Officials there believe it stemmed from a friend’s social media posting six months prior.
“A young, innocent man was murdered,” said Jennifer Schorn, an assistant district attorney for Bucks County. “He was not the intended target.”
Schorn said that the shooting was fallout from a graphic video posted online. A friend of Love’s posted to social media a video showing someone urinating on a memorial for Tommy Ballard and Zyisean McDuffie, teens who had been killed in a double murder two years prior.
That video led to the revenge shooting that caught Love in the crossfire.
“We have countless cases from various parts of our county that there is a clear connection to criminal activity following taunts that were put forth on social media,” Schorn said. “We have had warring factions for over six years now in two communities in Bucks County where the teens, the young adults, are utilizing social media and they are flashing symbols and they are taunting their warring factions, their rival factions.

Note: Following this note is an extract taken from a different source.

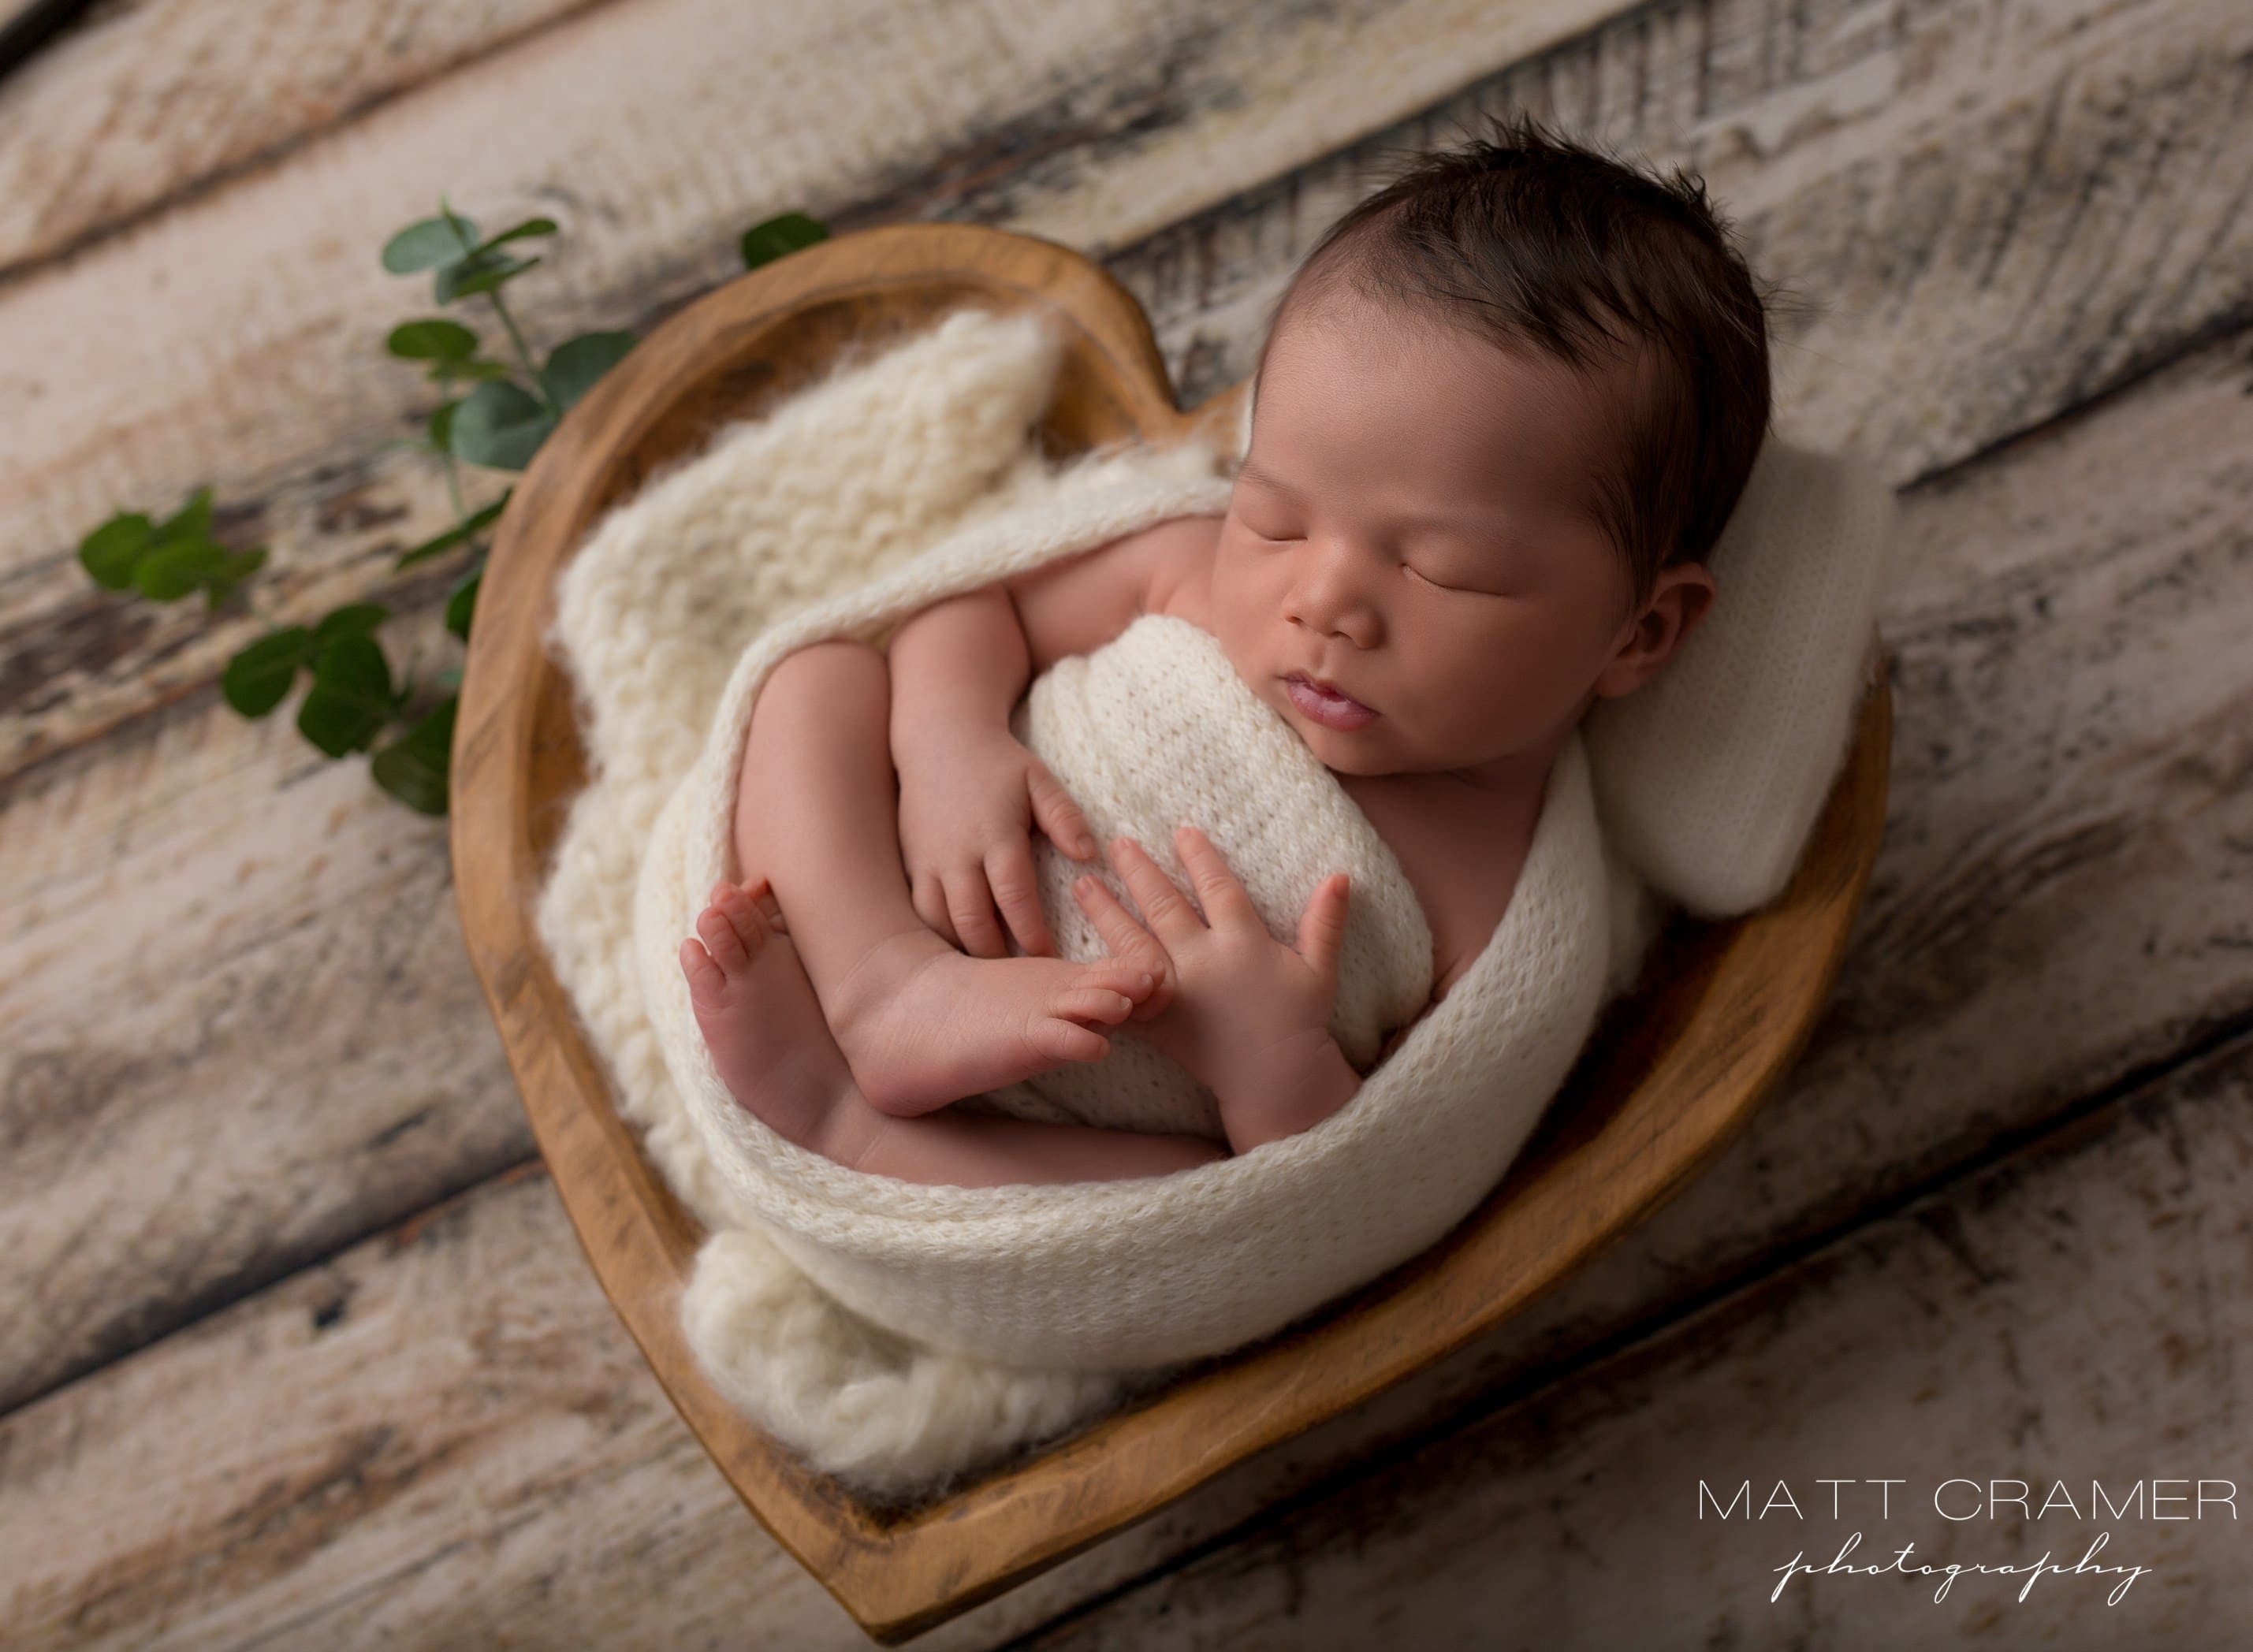 newborn baby boy in cream swaddle in wood heart prop during newborn photography photoshoot
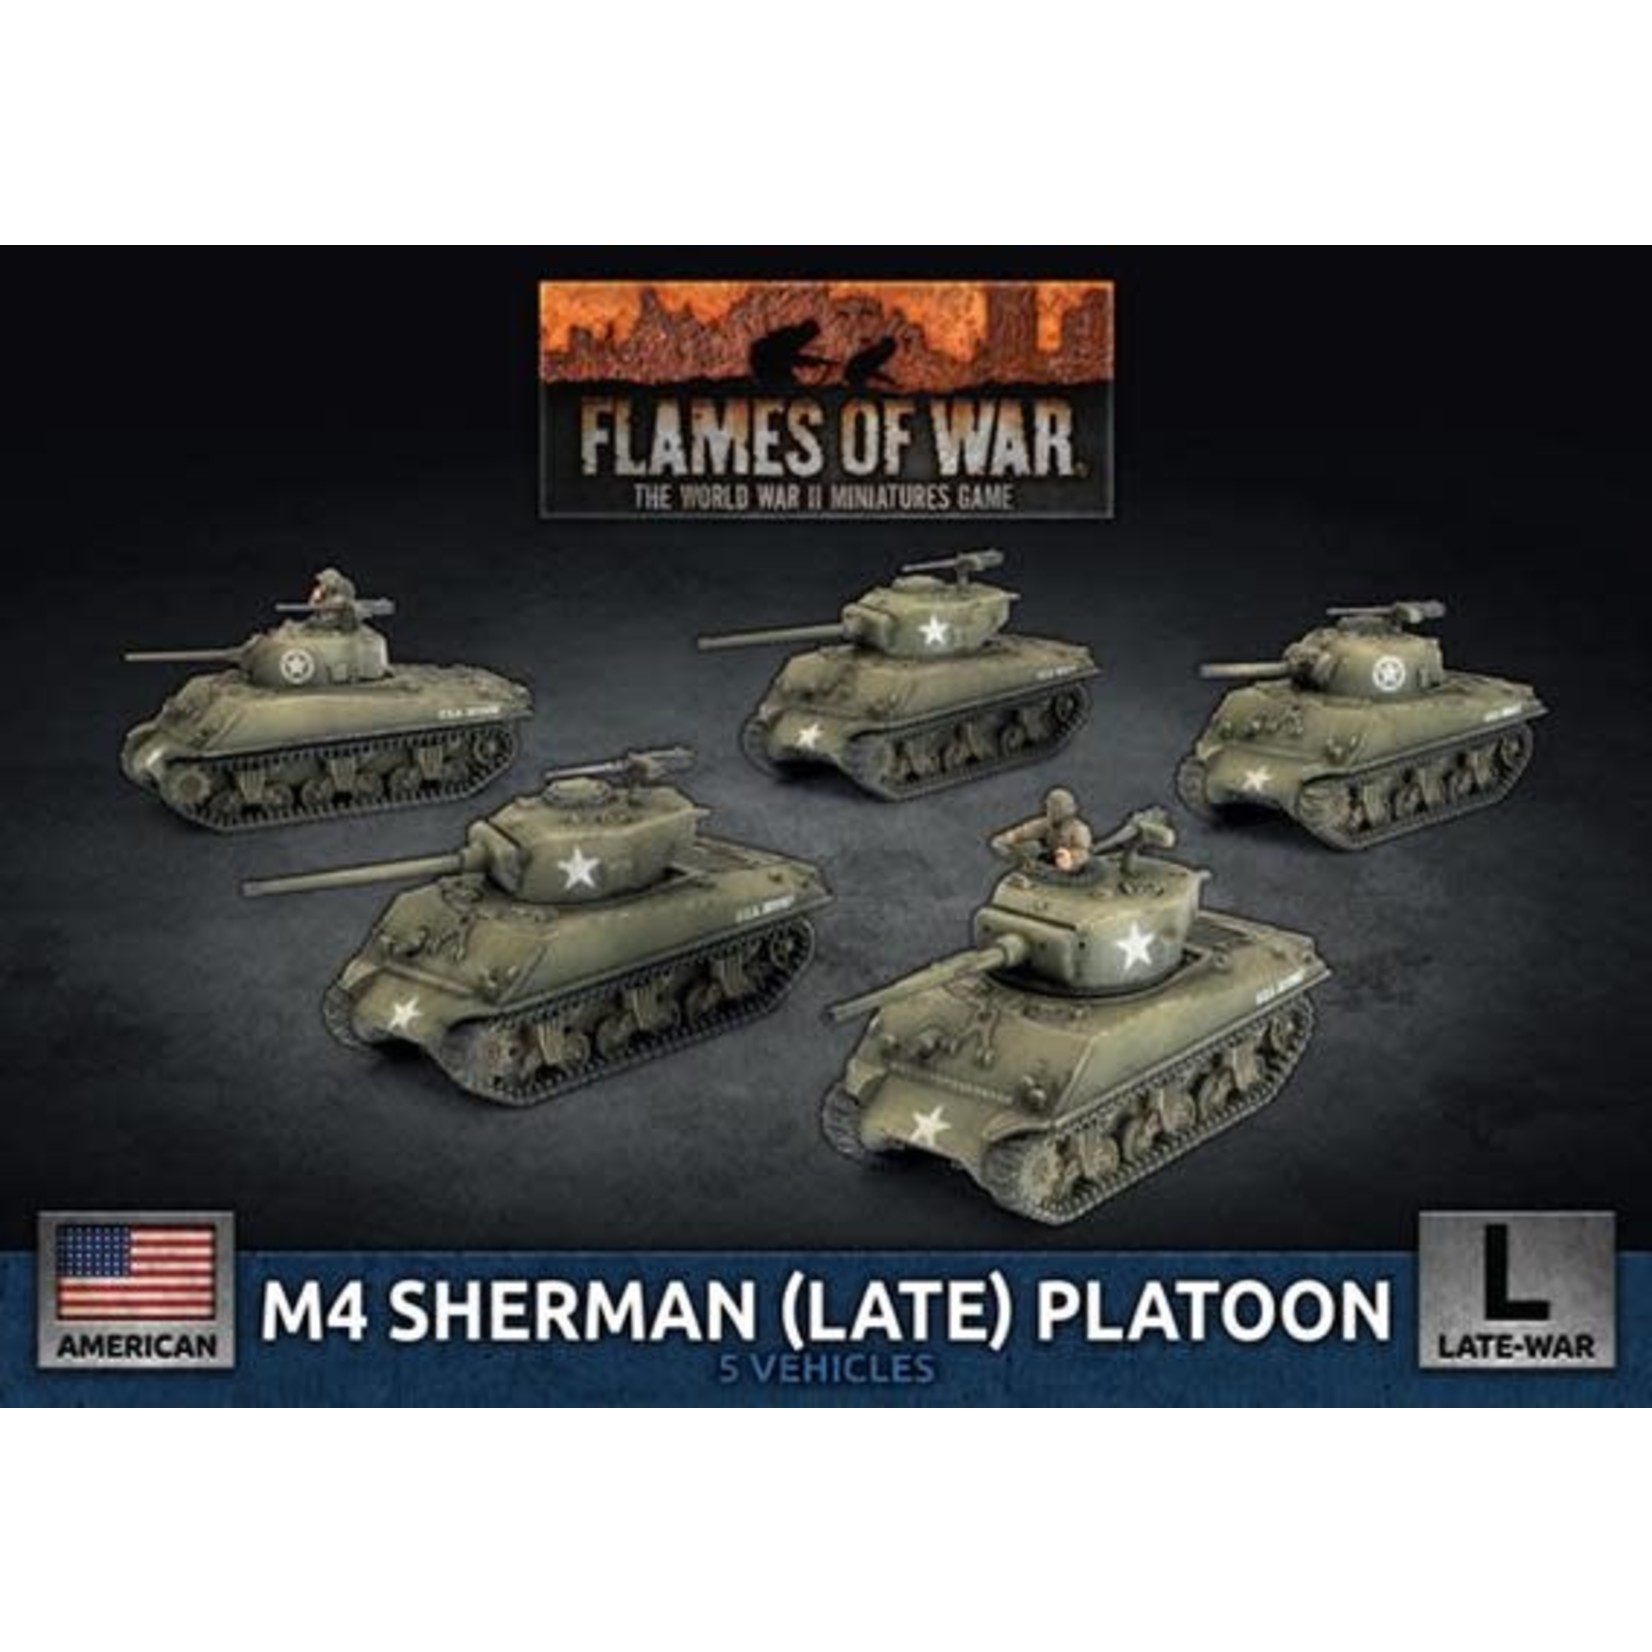 Flames of War Flames of War: American: M4 Sherman (Late) Platoon

“It has a name: cyberbanging. And those taunts have absolutely resulted in shootings and resulted in murders.”
Now, this is just one example, but we’ve seen others over the years. A disagreement starts on social media and then spills over into the real world with violence and blood.
Yet social media allegedly plays another role as well.
It seems that in our world where everyone is posting everything about their lives and it’s considered normal, potential killers can use social media to track down their intended target.
Unsurprisingly, some are now suing social media companies for their supposed role in this.
I disagree, of course. After all, no one is making people go out and shoot others over online disagreements. Hell, I’ve been involved in more internet arguments than I can count. None of those turned into violence.
I have my own issues with social media, but you can’t blame them for what other people do. Besides, I remember what gang violence was like in the 90s, well before social media was even a thing.
Blaming Facebook, TikTok, and others for this seems more than a little ridiculous.
That said, social media is being used and is leading to people getting into disagreements that result in violence. As a result, everyone can see the disagreements that are resulting in blood in the streets.
Maybe someday, they’ll stop blaming the guns–and yeah, even social media–and recognize there’s something far deeper at play here.